This repository is the infrastructure for the Devops-app Project.
In this part, we will focus on the three pillars of Observability:
We used Prometheus to collect metrics from the FastAPI application with the use of Prometheus Client that helps you to get metrics from the endpoint /metrics, then we can use Grafana to visualize the metrics stream in real-time a time series database.
In order to enable logging in our application, DataDog was the primary choice as it allowed an intuitive User Interface and setting the agent was fairly simple as it was packaged in a Helm Chart with basic configuration.
We also made sure to add the request_id
in every log so that it can help us while debugging.
We used ddtrace which is a Datadog's tracing library for Python. It is used to trace requests as they flow across web servers, databases and microservices so that developers have great visibility into bottlenecks and troublesome requests. We opted for DataDog as it was natively adapted for such task and the agent was aleady deployed for logs collection.
1. Automated infrastructure provisioning using well isolated and maintainable infrastructure layers (Microstacks)
We used Terraform to build 3 microstacks:
-
First Stack : Kubernetes Cluster : We provisioned in this stack an AKS cluster and of course a resource group as well.
-
Second Stack : Monitoring Setup : We created the monitoring setup for our application using Kubernetes provider as well as Helm provider. We split those different charts into 3
modules
: argocd, datadog and prometheus so we can reuse them whenever. -
Third Stack : Storage : here we provisioned the Azure Storage Blob in which we will store the treated images after the inference process.

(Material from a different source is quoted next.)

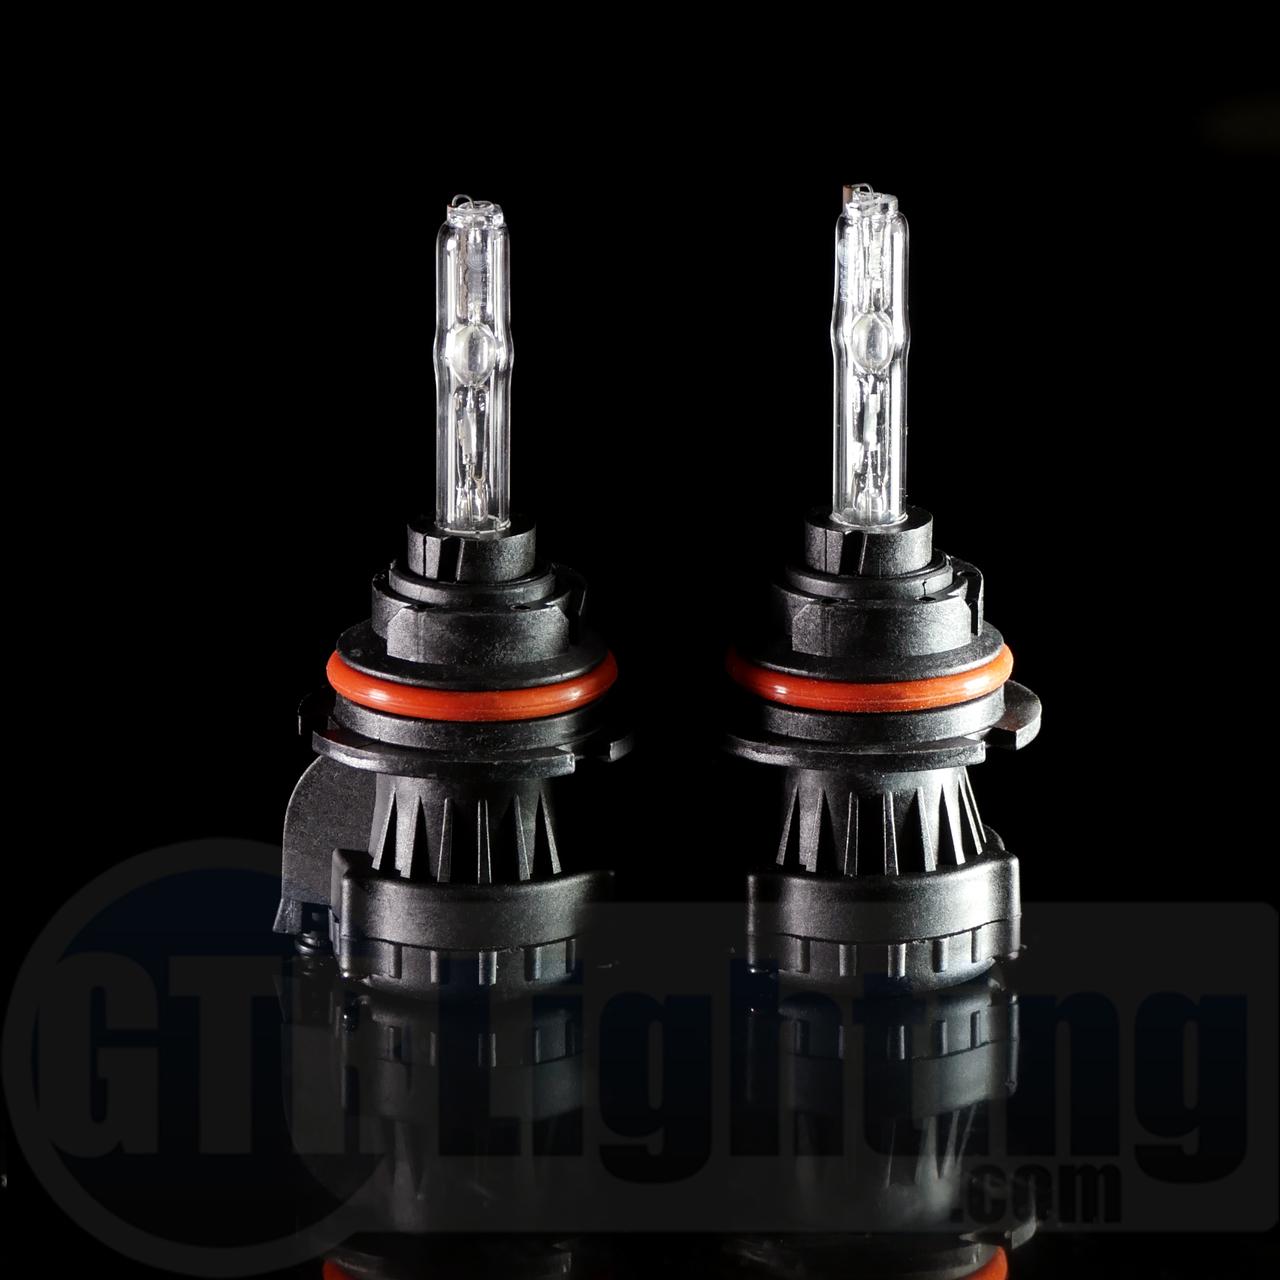 headlight lens gtr lighting 35w 55w dual beam hid bulbs  [ 1280 x 1280 Pixel ]

To automate the deployment, we created a Helm Chart for it which will be used by Argo CD. Basically each time argo cd detects a change in the chart in this repo, it will automatically synchronize the application thus resulting in automated deployment.
To be noted, we can multiple additional labels to a deployment, we can change the image name and/or tag, we can specify the number of replicas,... The values that you can change can be visualized in the values.yaml
file.
We used Argo CD to automate deployment of my chart from my github repo.
To be able to use multiple environments, we created three files : values-pre-prod.yaml
, values-prod.yaml
and values.yaml
for the development environment in order to patch the environment name.
We built both training and inference images using Docker then we will use Kubernetes to deploy the cluster in Microsoft Azure.
This is the architecture for the Monitoring setup :
We used Helm Charts to deploy the inference process.
We decided to use the Blue/Green deployment strategy since it gives us instant rollout and rollback. We created two yaml files: values-blue.yaml and values-green.yaml, then we created a rollout because it can easily work with Argo CD: when we change the version and synch the application it will create all the kubernetes resources with the new version. The deployment strategy didn't work, we aim to fix our code in the future.